Quand on y regarde de plus près, l’exposition de Michel Huneault n’est en fait que la partie émergée de l’iceberg de l’art comme outil de sensibilisation. « L’art
devrait servir d’arme contre les menaces actuelles à la survie, comme les changements climatiques et les crises environnementales », explique Paul Shrivastava, chercheur de l’Université Concordia, pour qui l’art et le développement durable sont des sujets indissociables. Il a d’ailleurs cosigné un article dans la revue International Journal of Technology Management : « C’est par les récits, les histoires, la musique et les images que nos premiers ancêtres mettaient en garde leurs pairs contre les prédateurs et les catastrophes naturelles. L’art les aidait à acquérir des mécanismes de défense », insiste-t-il.
Le directeur du centre d’études David‑O’Brien sur la durabilité des entreprises croit que Montréal a le potentiel d’être à l’avant-garde dans le domaine de l’«art du développement durable ». D’ailleurs, Montréal et plusieurs grandes villes du monde comme Barcelone, Buenos Aires, Lille et Stockholm ont décrété la culture comme étant le 4e pilier du développement durable en novembre 2010. Depuis, le cas de la métropole québécoise est un exemple, et a été présenté comme tel lors du Colloque international culture et développement durable en novembre 2012 à Paris.

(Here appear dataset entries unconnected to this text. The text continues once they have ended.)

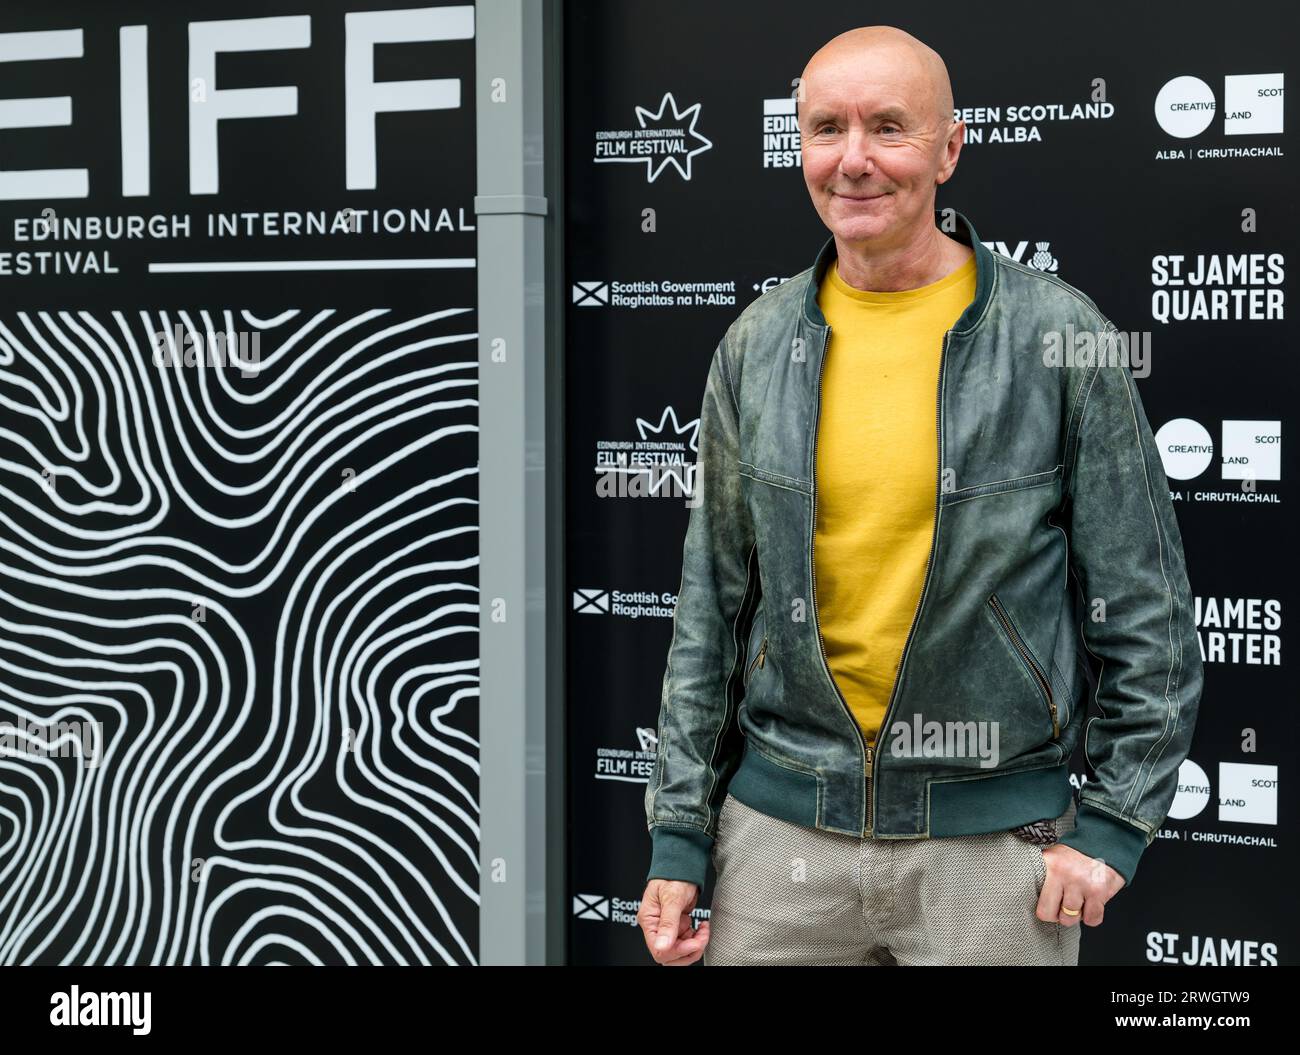 Auteur irvine Welsh au cinéma Everyman, Edinburgh International film Festival, Ecosse, Royaume-Uni Banque D'Images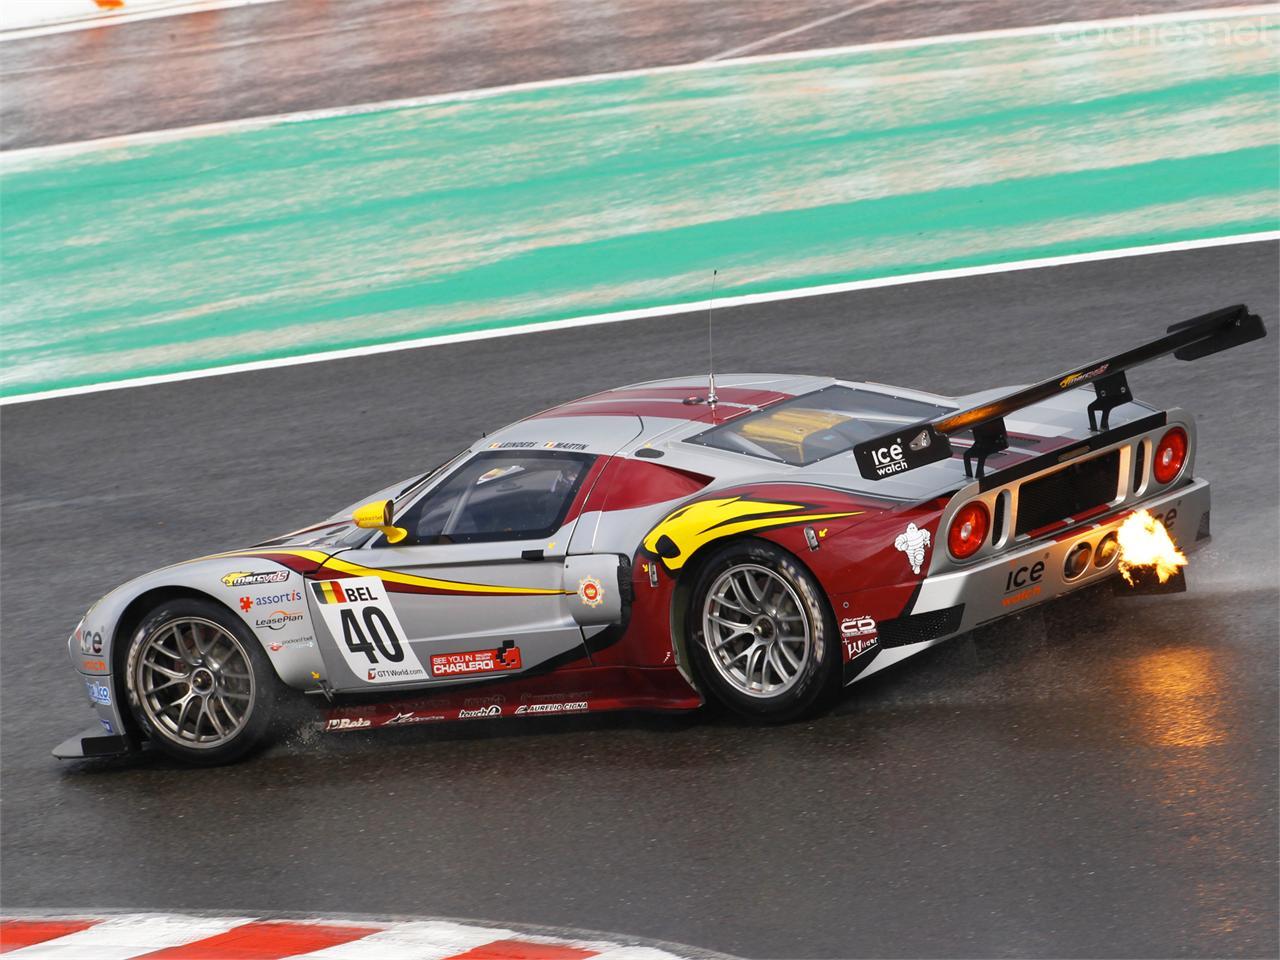 El preparador suizo Matech Concepts creó versiones de competición del Ford GT homologadas para las categorías GT1 y GT3. En imagen la del equipo belga Marc-VDS.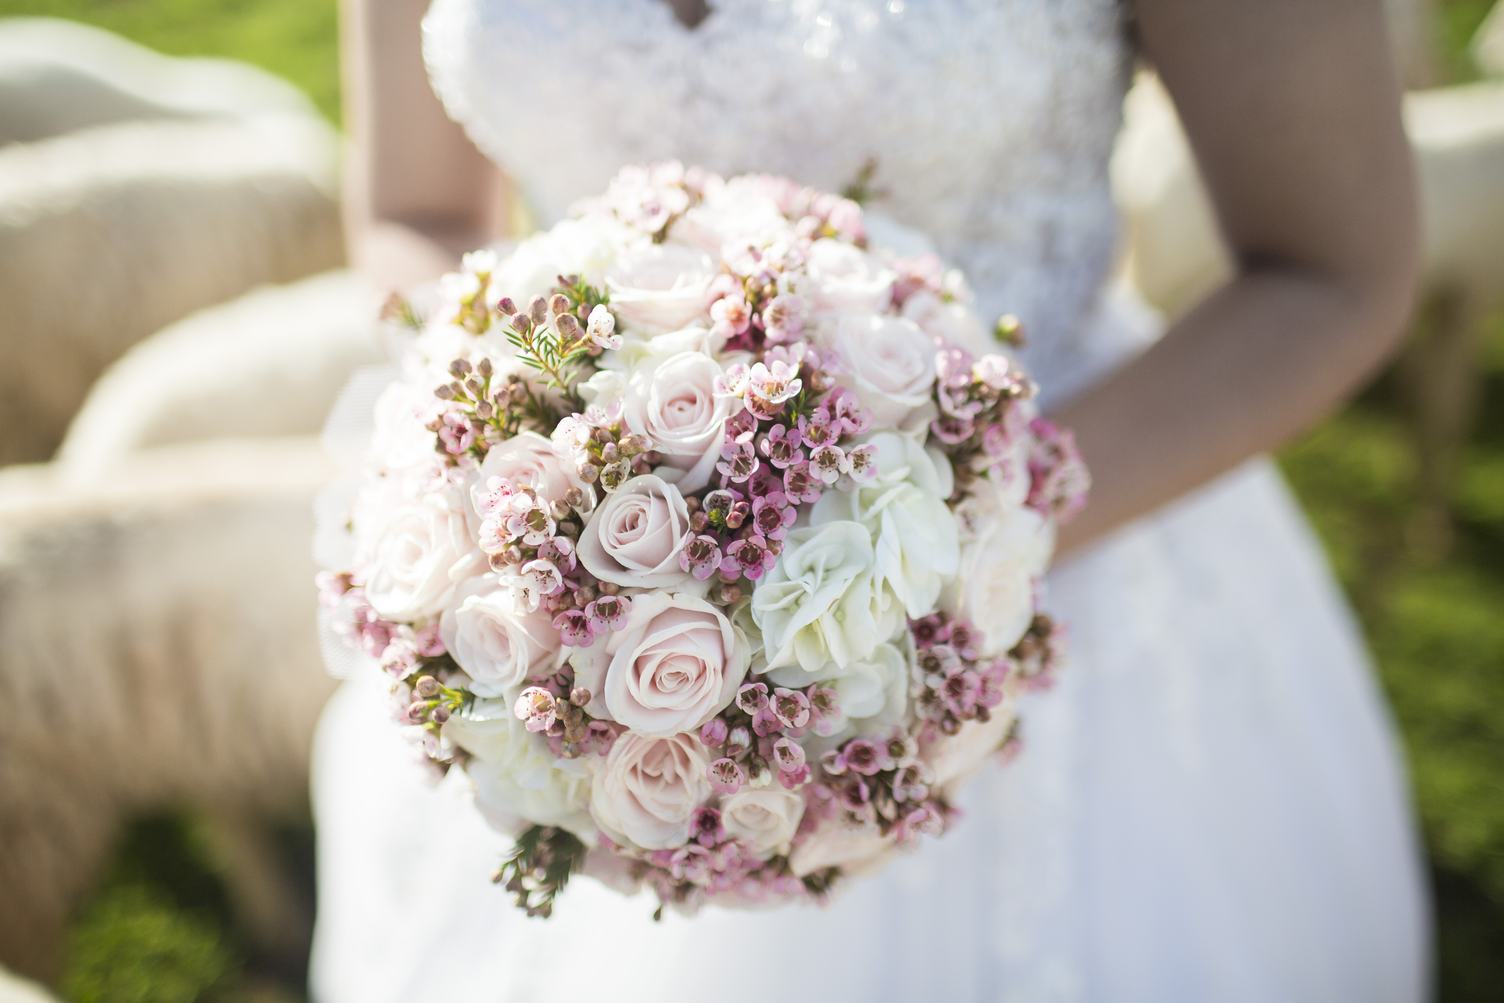 Beautiful Wedding Bouquet in Bride's Hands

Même les Japonais sont Vénitiens
L’art montréalais rayonne si bien que même ce qui ne devait être qu’un projet personnel pour Michel Huneault a été apprécié à l’étranger. Après avoir pris ses photos à Venise-en-Québec, son travail de photographe indépendant l’a mené à Fukushima après le séisme et la catastrophe nucléaire de 2011. Au Japon, il a montré ses clichés de Venise-en-Québec. Devinez quoi ? Les gens se reconnaissaient dans le désastre du Richelieu. Comme quoi l’inquiétude suscitée par les changements climatiques est universelle et l’art peut rallier sous une même bannière ceux qui ne veulent pas voir ces bouleversements planétaires.